Master Leasing Plans arose as a solution to a difficult problem: how to balance national park protection, outdoor recreation economies, and energy development throughout the Southwest? The answer is to let the locals decide. When representatives from the conservation, outdoor recreation, and sportsmen communities come together with industry before leases are offered, they can work together to figure out where energy development should and should not go.

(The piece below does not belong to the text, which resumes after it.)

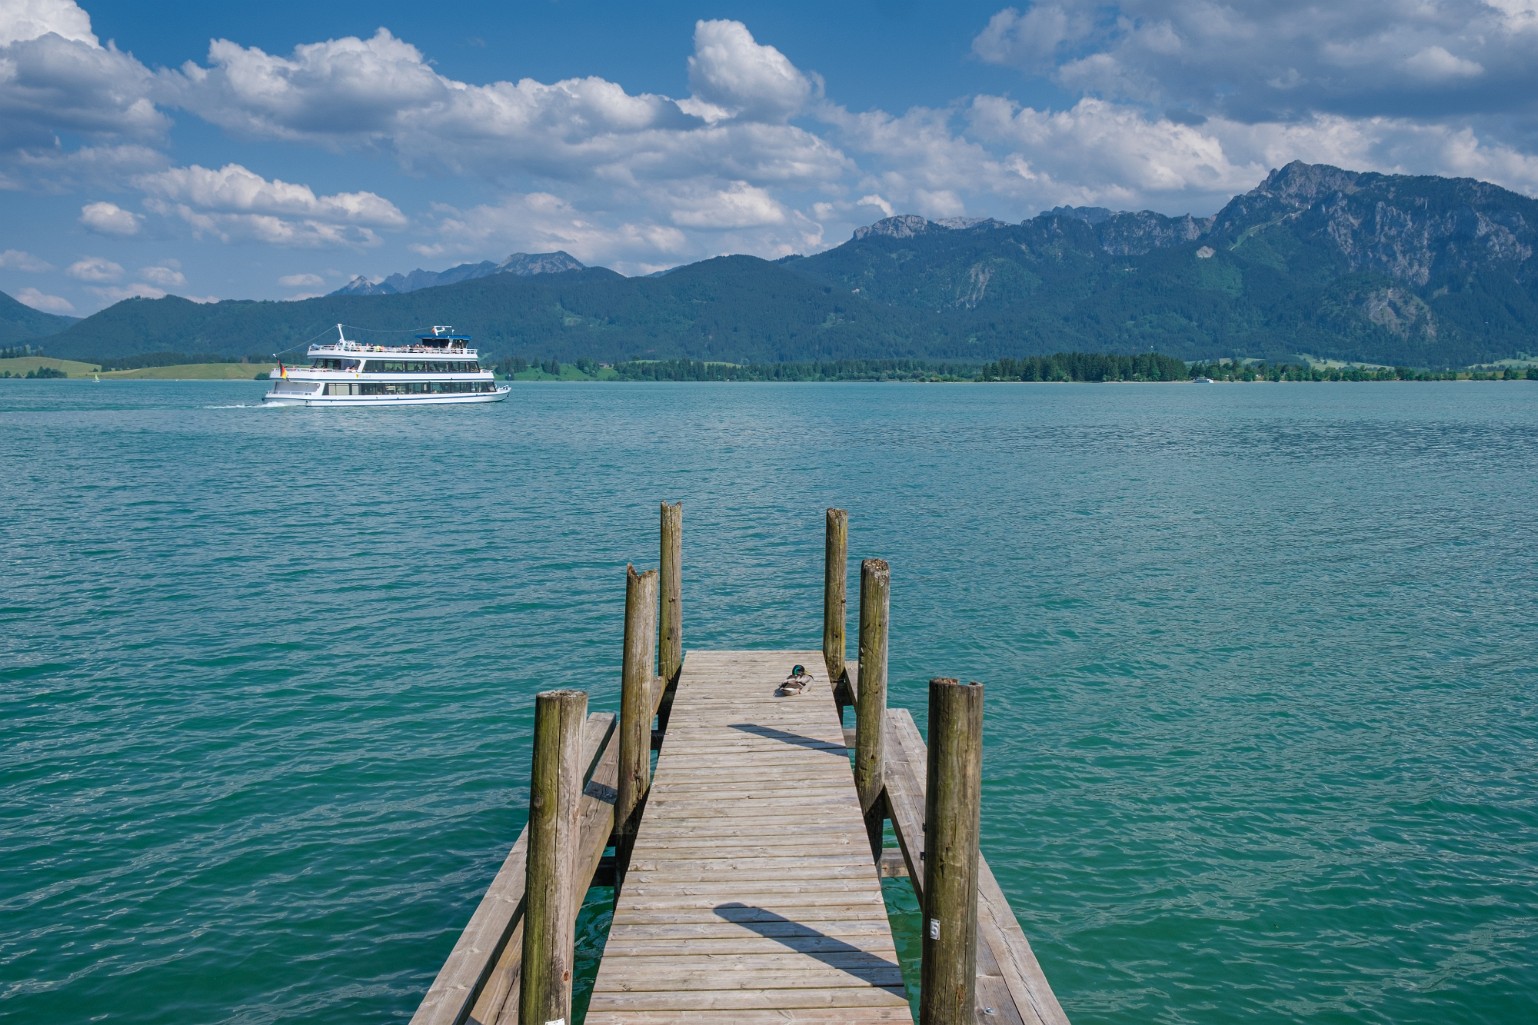 Forggensee_0591_2023-06-X-T4_21,4mm_f6,4_950s_160 ISO_LR_4kPx

This Moab MLP is the most high-profile of the bunch, and in this case, it was agreed that leasing next to the park would cause too much harm to the strong local economy, and have consequently decided to close or create no-surface-occupancy on more than 450,000 acres within the MLP. However, leasing is still allowed on 82 percent of the planning area, it’s just located in such a way as to keep impacts away from national parks, trails, and other important resources.

On January 10th, Nick Lund will be available for interviews to discuss how energy development near national parks should be conducted. He will explain why the Moab Master Leasing Plan is the gold standard for guiding development of public lands and how the seventeen other Master Leasing Plans currently in review can benefit from this example.

More About Nick Lund:

Nick Lund is the NPCA’s Senior Manager for Landscape Conservation. His focus is on preventing harm to national parks from oil and gas development and infrastructure. He works to ensure that legislative efforts to open up national parks to fossil fuel development are defeated, and to work with federal land managers to ensure the protection America’s national park air, water, wildlife, as well as the natural experience enjoyed by millions of annual visitors. Nick has been working at NPCA since 2011, after graduating from the University of Maine School of Law and spending a yearlong fellowship at the Sea Grant Ocean and Coastal Law Center in Oxford, Mississippi.